Turtle shell clustering: A mixture approach to discriminative clustering with applications to flow cytometry and other data

arXiv stat.ML / 4/28/2026

📰 NewsModels & Research

Key Points

  • The paper introduces “turtle shell clustering,” a fully unsupervised probabilistic method that combines geometric (generative) and boundary-focused (discriminative) ideas via a regularized mutual information objective.
  • It models the conditional distribution using a “mixture of mixtures” consisting of Gaussian components and uniform distributions, helping the method handle noise and irregular cluster shapes.
  • The approach includes automatic selection of the number of components using a regularization term plus a merge step, drawing inspiration from reversible-jump MCMC techniques for Bayesian clustering.
  • Experiments on both simulated and real clustering datasets, including flow cytometry data, are used to demonstrate the method’s ability to estimate non-linear decision boundaries and recover intuitive clusters despite anomalies.
  • Overall, the work presents a new clustering framework intended to improve discriminative clustering quality without supervision and with built-in robustness to abnormal data patterns.

Abstract

Generative approaches to clustering provide information on geometric properties of clusters, whereas discriminative approaches provide boundaries between clusters.
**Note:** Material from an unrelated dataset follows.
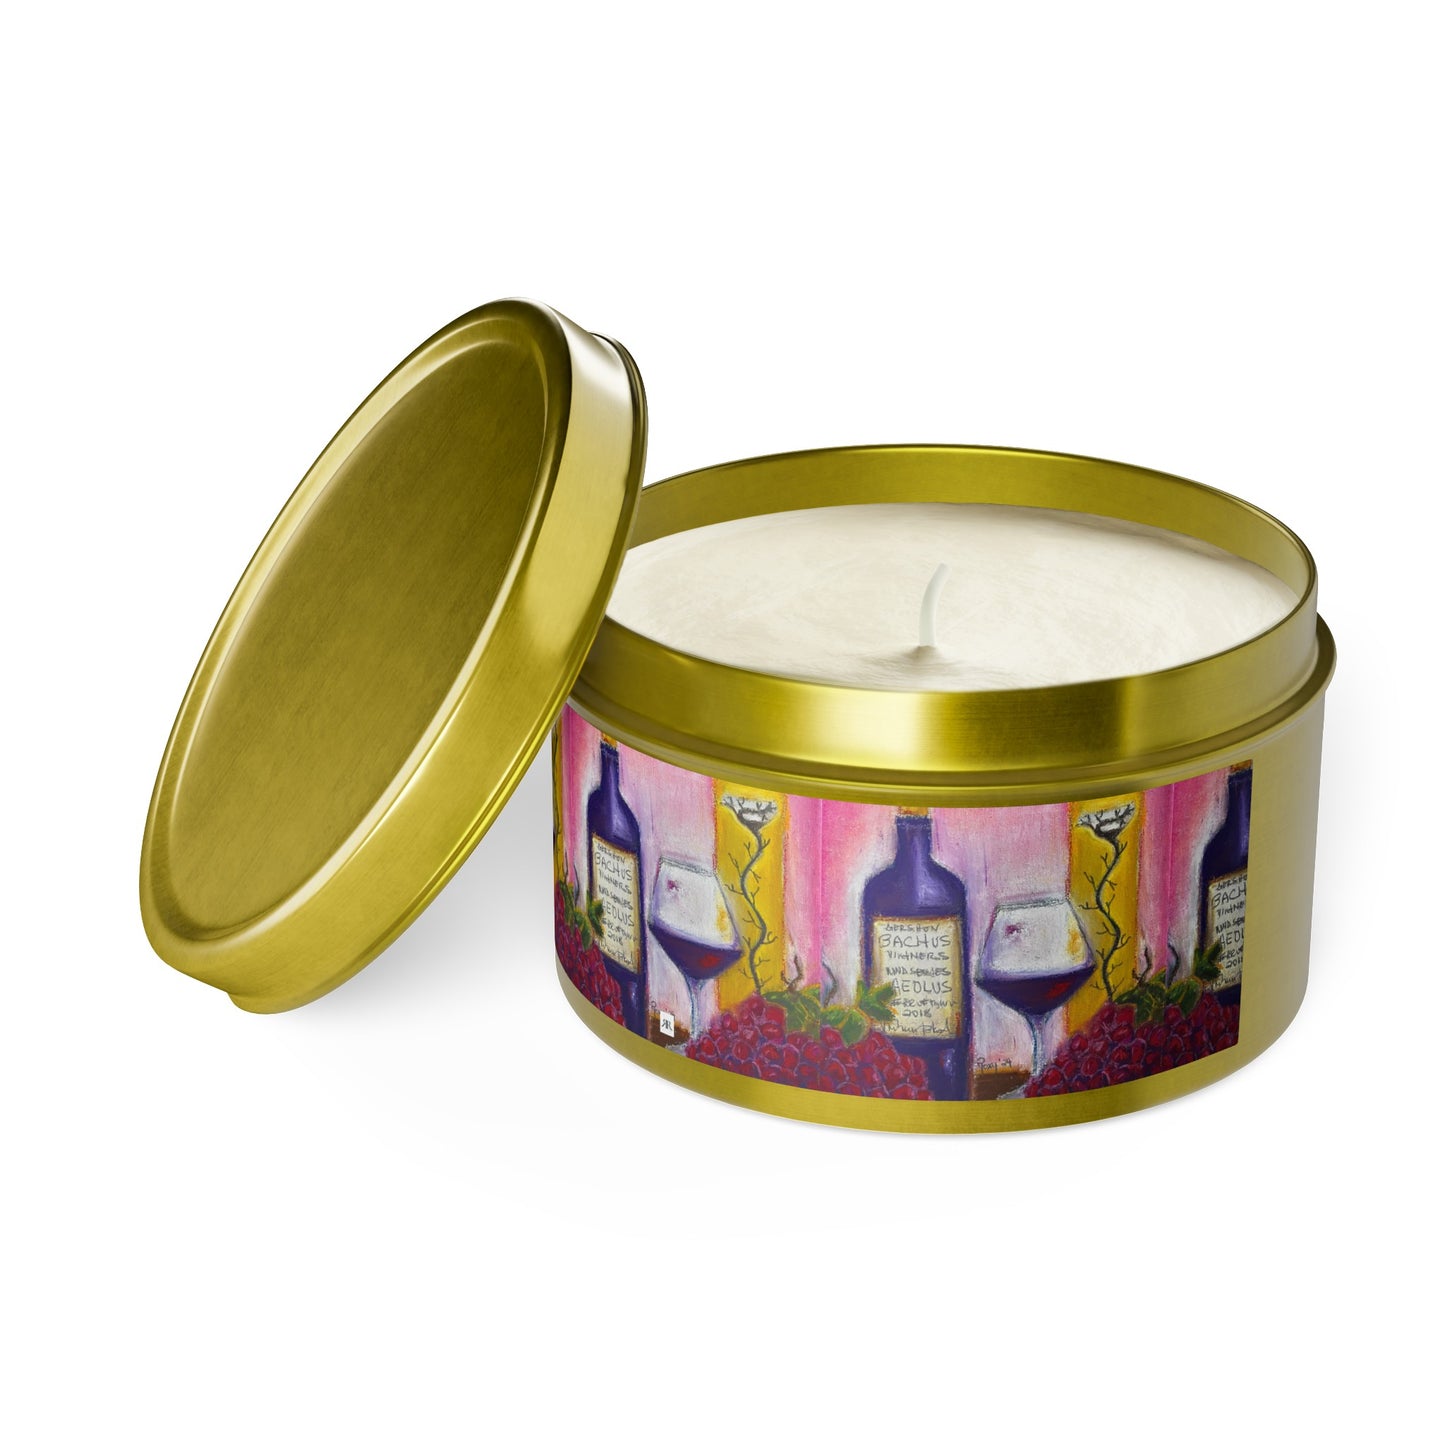 Aeolus GBV Wine & Clique Glass Tin Candle

Ideas from both approaches are incorporated to present a fully unsupervised, probabilistic, and discriminative clustering method via a regularized mutual information objective function, wherein a mixture of mixtures of Gaussian and uniform distributions is used for formulation of the conditional model. Automatic selection of the number of components is established with the introduction of the regularizing term and a merge step, similar to those applied in reversible jump Markov chain Monte Carlo methods used in Bayesian clustering. Consequently, the turtle shell method -- a fully unsupervised clustering method capable of estimating non-linear boundary lines, automatically selecting the number of components, and capturing intuitive clusters in the presence of data abnormalities such as noise and/or irregular cluster shapes -- is introduced. We test this method on various simulated and real datasets commonly explored in clustering research, and extend the analysis to datasets arising from flow cytometry experiments.